CoCoON for “Digital Oral Corpus COllections” is a technical platform that supports oral resource producers in creating, structuring and archiving their corpuses. A corpus can be composed of recordings (generally audio), possibly accompanied by annotations of these recordings.
The resources are first catalogued and stored, and then archived in the TGIR Huma-Num archive. The author and his institution remain responsible for the deposited materials and can benefit from restricted and secure access to their data, for a defined period of time, if the content of the information is considered sensitive.
That post links to this text resource on Nivaclé, a Matacoan language spoken in Paraguay and Argentina:
It looks quite nice, and it seems quite straightforward to get to annotations of texts from the overview page. It works find in Chrome/Mac, but Firefox didn’t seem to want to play the
.mp4, however, and downloaded it instead. I was also rather surprised to realize that there are only annotations of the Spanish translation, and not the Nivaclé itself — there doesn’t seem to be any metadata in the overview page that indicates that (of course, even text of the translation is better than no text at all).
There is an interactive playback view (click on “Show”) which shows the available annotations, which worked in Chrome:
Hey, I poked around some more and found a text that has more annotations:
This is a text in “Ta’izzi-Adeni Arabic”, and as you can see there are multiple tiers of annotation.
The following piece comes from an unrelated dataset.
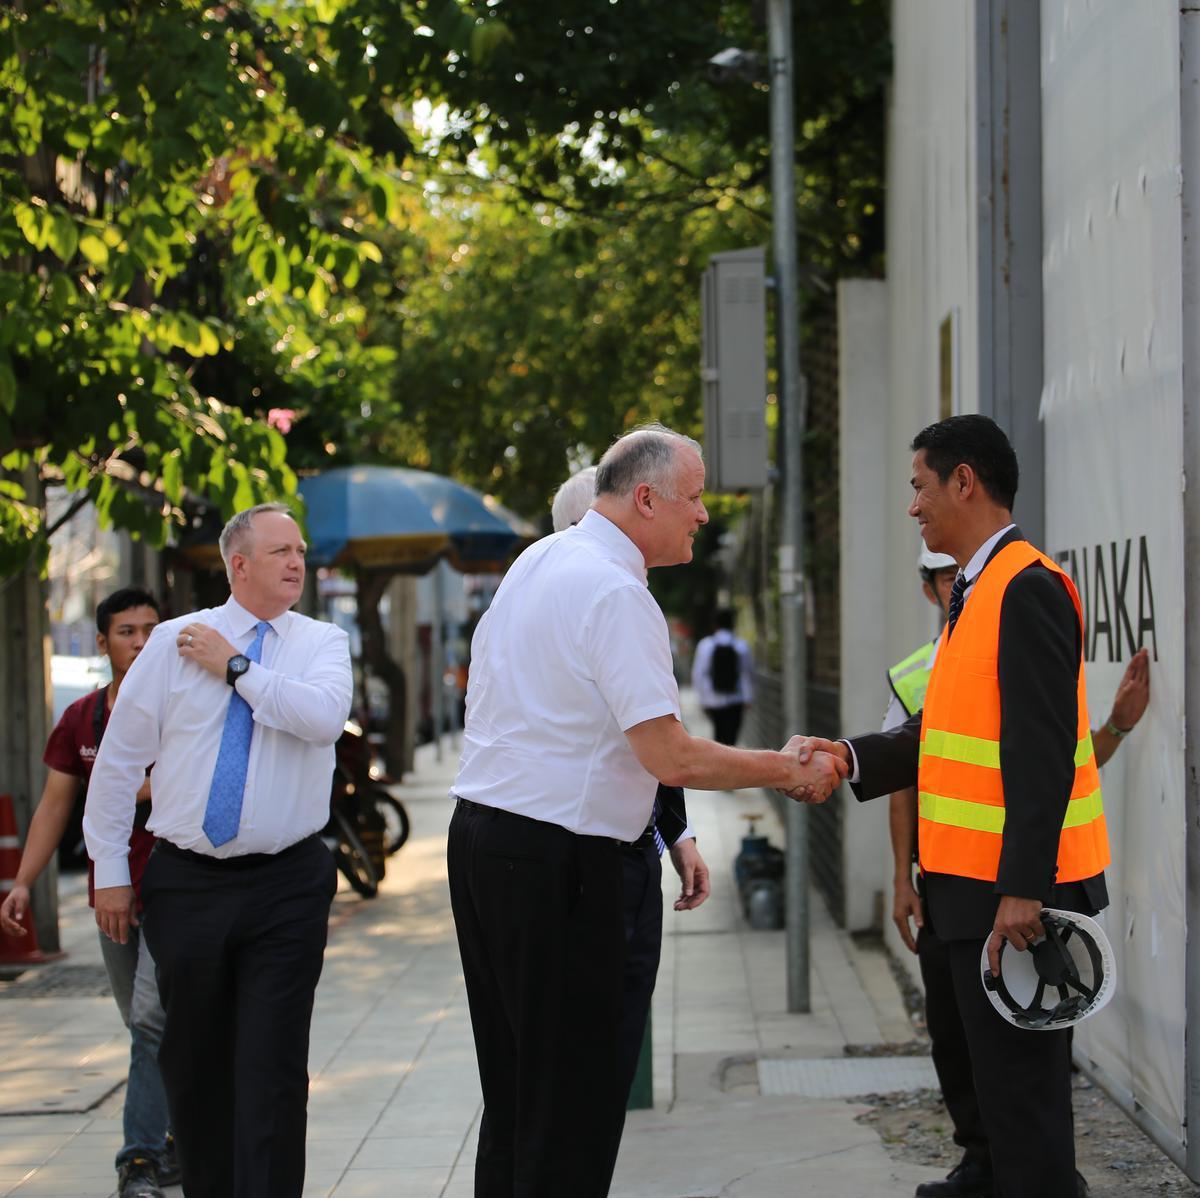 เอ็ลเดอร์โฮเมอร์ทักทายเจ้าหน้าที่รักษาความปลอดภัยที่ถนนเพชรบุรีตัดใหม่หน้าสถานที่ก่อนสร้างพระวิหาร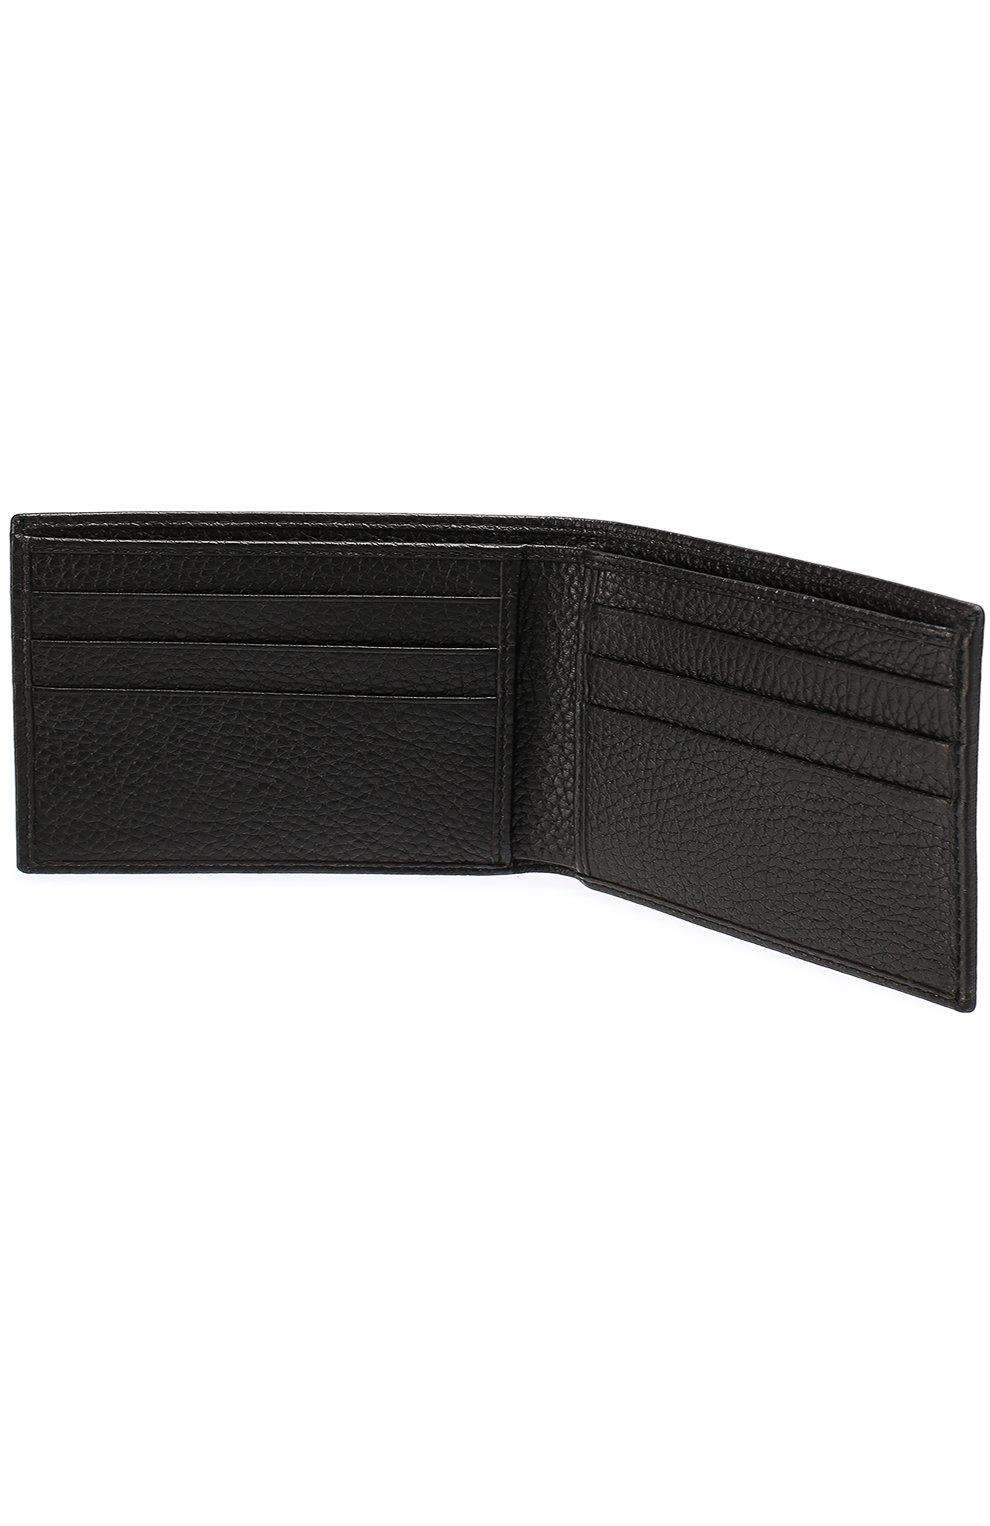 Кожаное портмоне с декоративной отделкой и отделениями для кредитных карт | Фото №3

The resources download nice and tidy, like this:
And here’s what the LACITO XML format looks like for a single sentence:
<S id="ACQ_MCSS_NARR_04_chat-borgne_01"> <FORM>ginni hāda</FORM> <AUDIO start="1.87" end="2.84"/> <W> <FORM>ginni</FORM> <M class=""> <TRANSL xml:lanf="fr">Djinn</TRANSL> <FORM>ginni</FORM> </M> </W> <W> <FORM>hāda</FORM> <M class=""> <TRANSL xml:lanf="fr">DEM.M.SG</TRANSL> <FORM>hāza</FORM> </M> </W> <TRANSL xml:lanf="fr">S’agissant de ces ginns.</TRANSL> </S>
All very straightforward. Hooray!